• DATA EXTRACT:
= = =
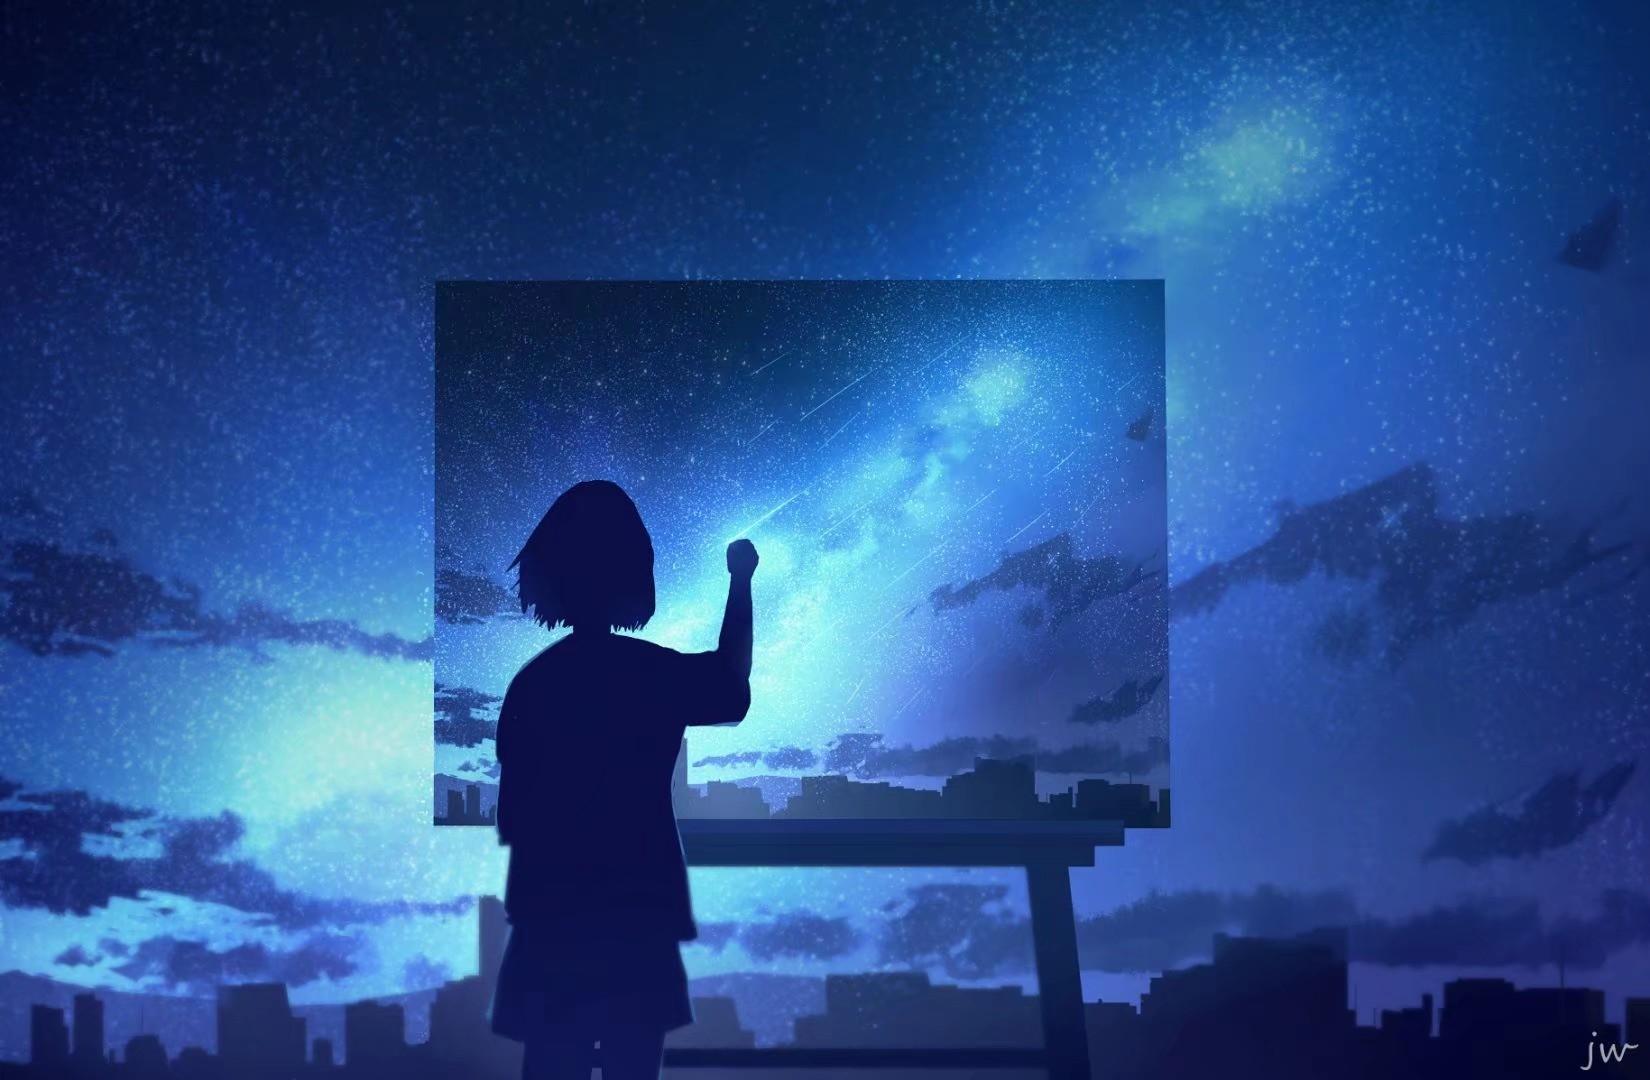 Фото Девочка рисует город под ночным небом, by JW
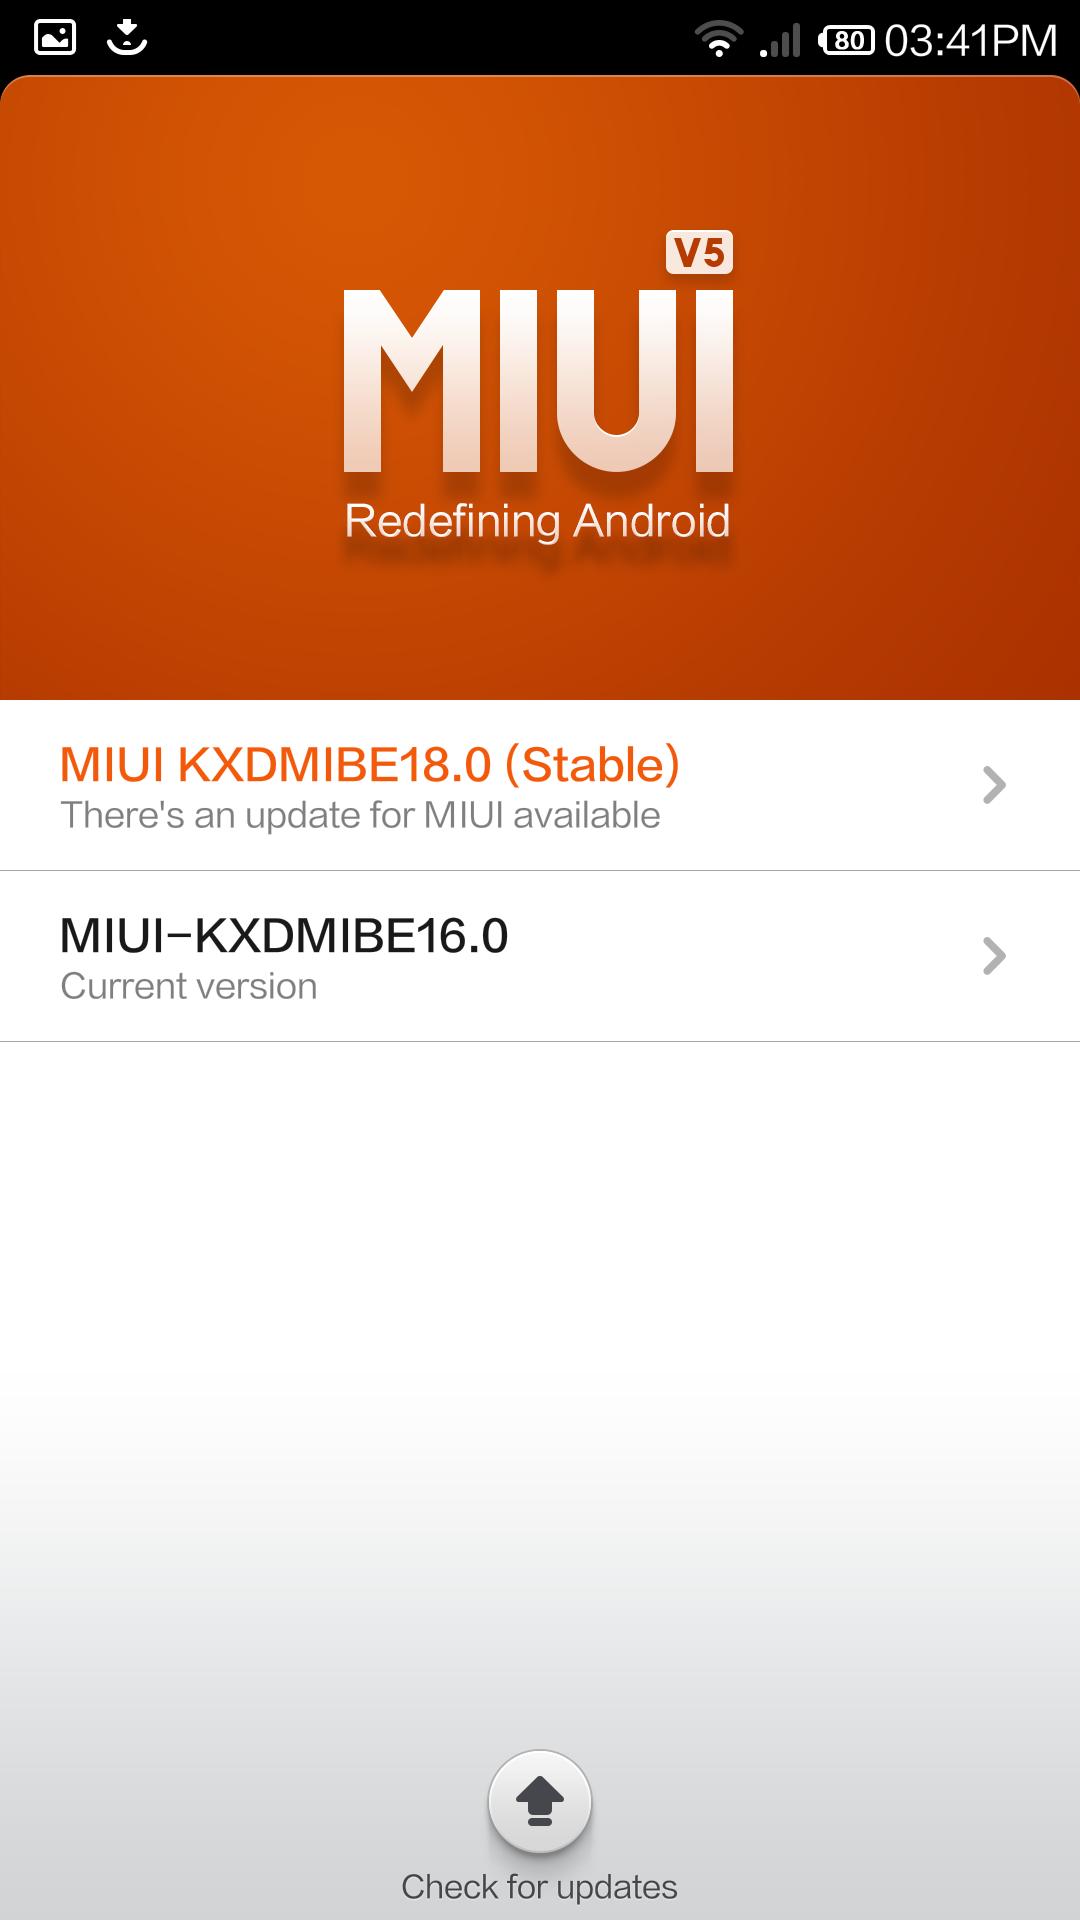 miui update for mi3
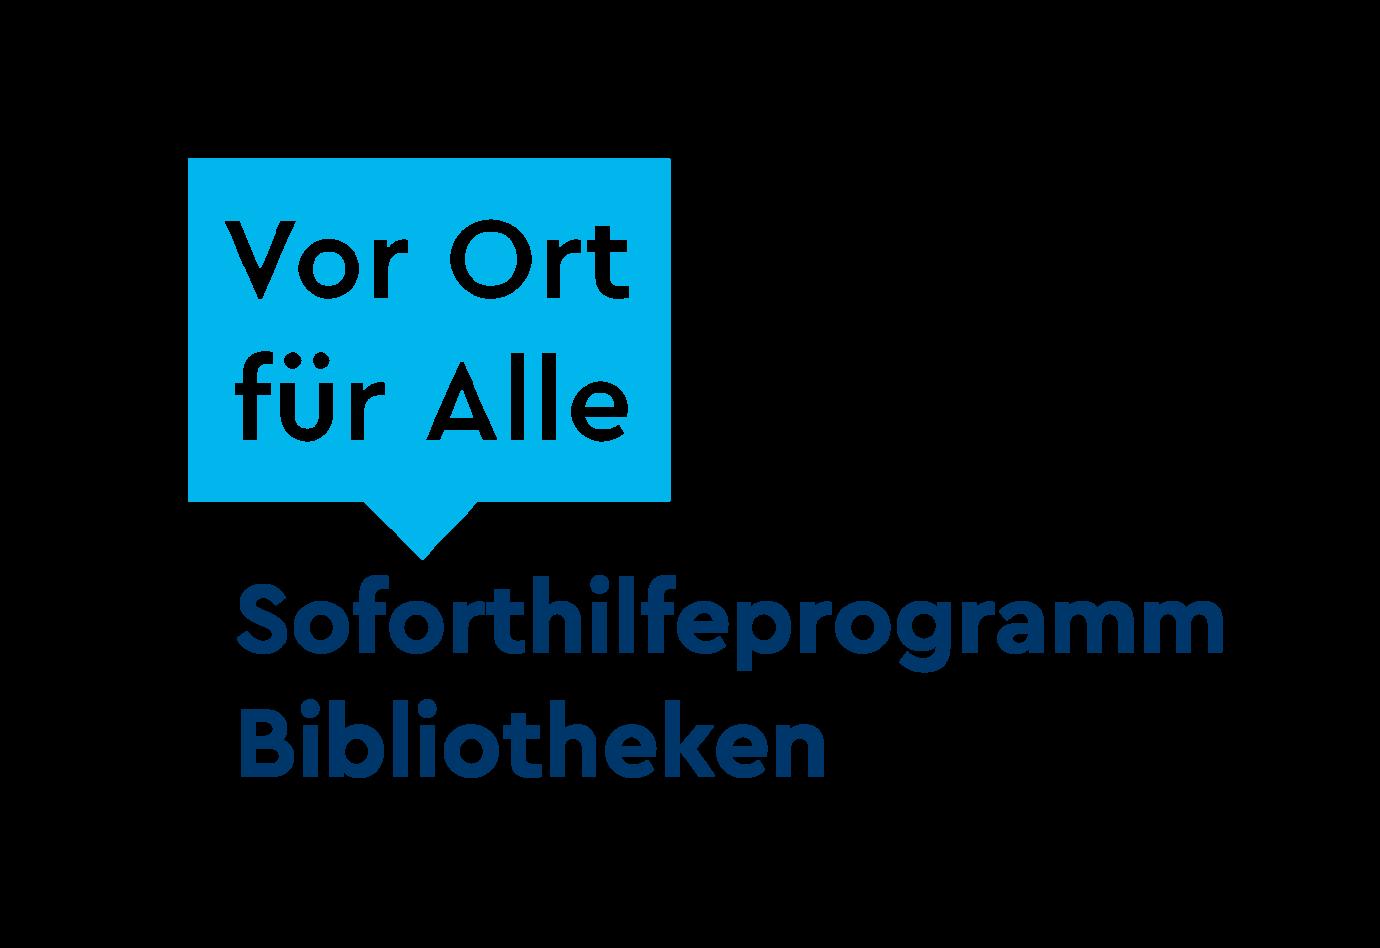 Logo des Förderprogramms Vor Ort für Alle
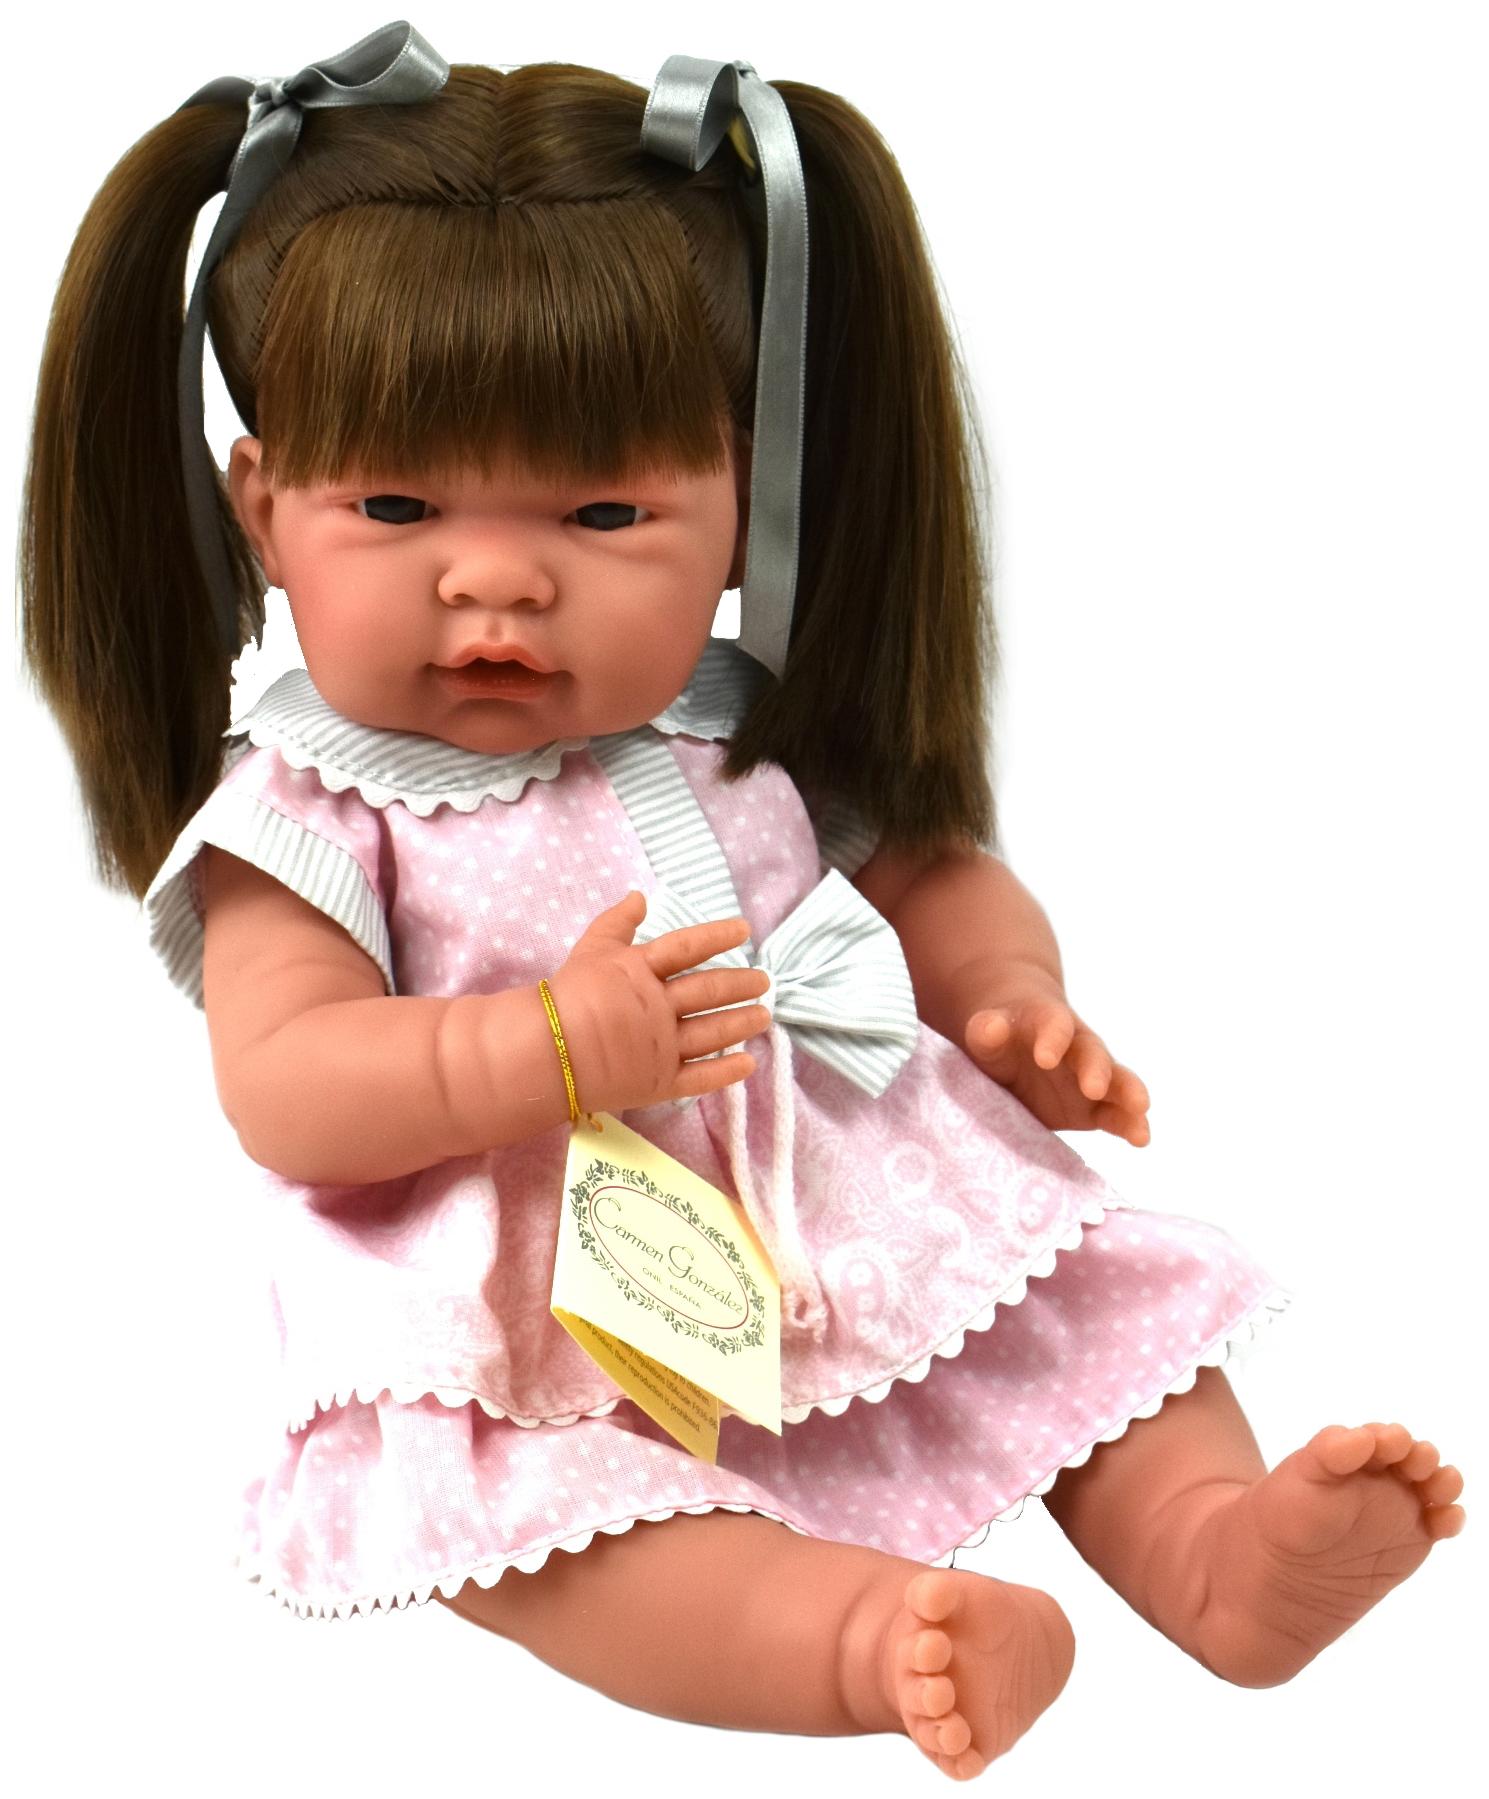 фото кукол из испании проживание приэльбрусье
= = =
• TASK TO COMPLETE: Since the pictures are not wanted, write out the rest of the data exactly as it reads.

• TASK RESULT:
 Фото Девочка рисует город под ночным небом, by JW
 miui update for mi3
 Logo des Förderprogramms Vor Ort für Alle
 фото кукол из испании проживание приэльбрусье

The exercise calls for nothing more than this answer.